Adsorption and photocatalytic decomposition of the beta-blocker metoprolol in aqueous titanium dioxide suspensions: Kinetic, intermediates and degradation pathways

Abstract

This study reports the photocatalytic degradation of the β-blocker metoprolol (MET) using TiO2 suspended as catalyst. A series of photoexperiments were carried out by a UV lamp, emitting in the 250–400 nm range, providing information about the absorption of radiation in the photoreactor wall. The influence of the radiation wavelength on the MET photooxidation rate was investigated using a filter cutting out wavelengths shorter than 280 nm.

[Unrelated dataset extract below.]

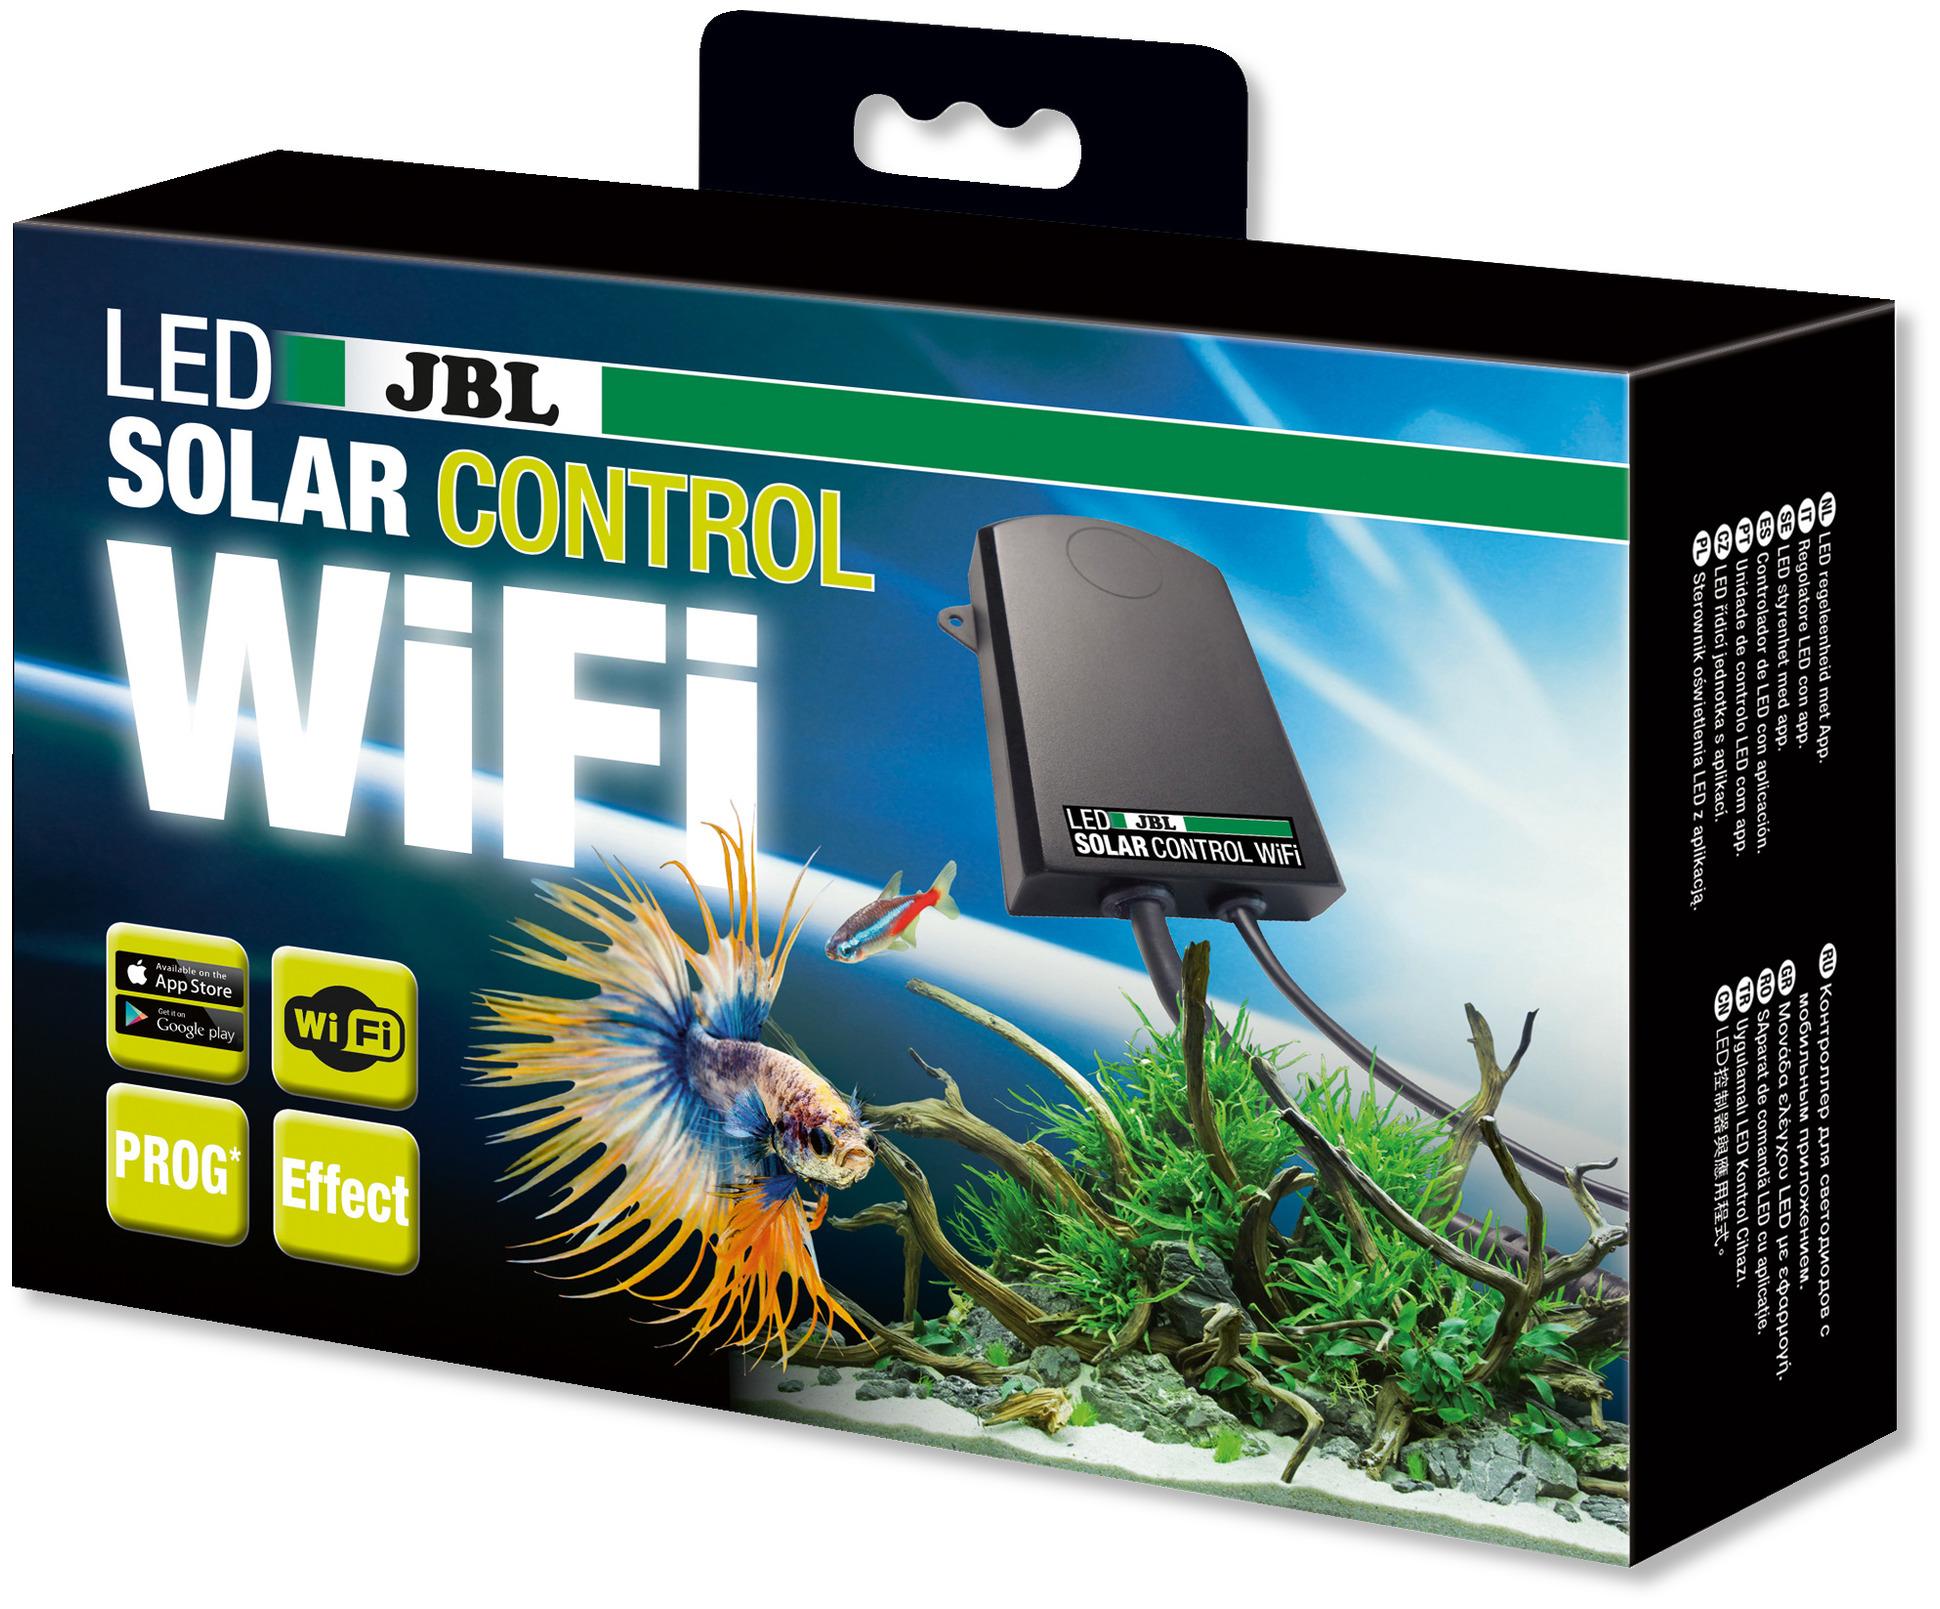 JBL LED Solar Control Wifi contrôleur pour rampes LEDs JBL

Effects of photolysis and adsorption at different initial pH were studied to evaluate noncatalytic degradation for this pharmaceutical. MET adsorption onto titania was fitted to two-parameter Langmuir isotherm. From adsorption results it appears that the photocatalytic degradation can occur mainly on the surface of TiO2. MET removed by photocatalysis was 100% conditions within 300 min, while only 26% was achieved by photolysis at the same time. TiO2 photocatalysis degradation of MET in the first stage of the reaction followed approximately a pseudo-first-order model. The major reaction intermediates were identified by LC/MS analysis such as 3-(propan-2-ylamino)propane-1,2-diol or 3-aminoprop-1-en-2-ol. Based on the identified intermediates, a photocatalytic degradation pathway was proposed, including the cleavage of side chain and the hydroxylation addition to the parent compounds.